TFX Orchestration Basics
What is Pipeline Orchestration?
Pipeline orchestration is the process of:
- Defining the sequence and dependencies between components
- Scheduling when components should run
- Handling resource allocation
- Managing the flow of data between components
- Providing monitoring and logging capabilities
TFX supports multiple orchestration platforms, including Apache Airflow, Kubeflow Pipelines, and Apache Beam.

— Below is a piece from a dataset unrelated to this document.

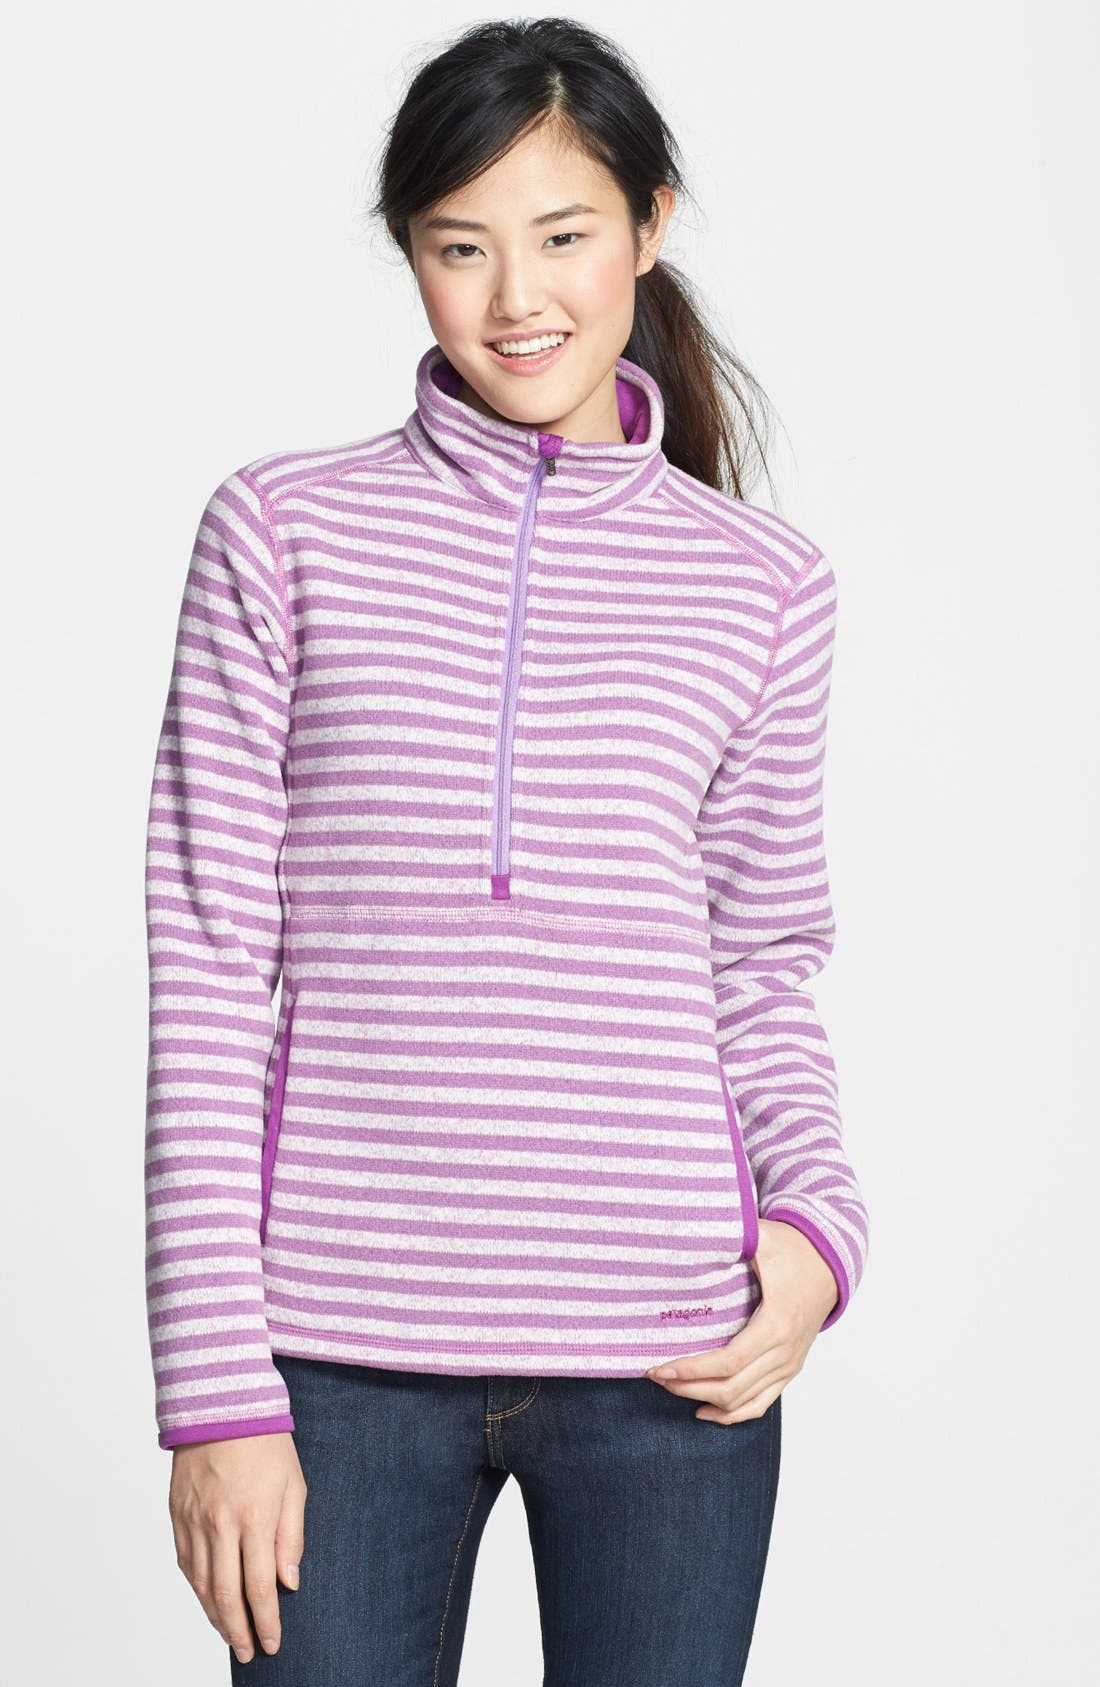 Alternate Image 1 Selected - Patagonia 'Better Sweater' Half Zip Pullover

Components of a TFX Pipeline
Before diving into orchestration, let's briefly review the key components that make up a TFX pipeline:
- ExampleGen: Ingests and splits the input dataset
- StatisticsGen: Computes statistics on the dataset
- SchemaGen: Infers a schema for the dataset
- ExampleValidator: Validates examples against the schema
- Transform: Performs feature engineering
- Trainer: Trains the model
- Evaluator: Evaluates the model
- Pusher: Deploys the model to a serving environment
Creating Your First TFX Pipeline
Let's start by creating a simple TFX pipeline. First, we need to install TFX:
pip install tfx
Now, let's define a simple pipeline:
import tfx.v1 as tfx
from tfx.orchestration import pipeline
from tfx.orchestration.local.local_dag_runner import LocalDagRunner
# Pipeline name and root directory for metadata and pipelines
PIPELINE_NAME = "my_first_pipeline"
PIPELINE_ROOT = "/tmp/tfx_pipeline_example"
METADATA_PATH = f"{PIPELINE_ROOT}/metadata.db"
DATA_PATH = "data/mnist"
# Define our components
example_gen = tfx.components.CsvExampleGen(input_base=DATA_PATH)
statistics_gen = tfx.components.StatisticsGen(examples=example_gen.outputs['examples'])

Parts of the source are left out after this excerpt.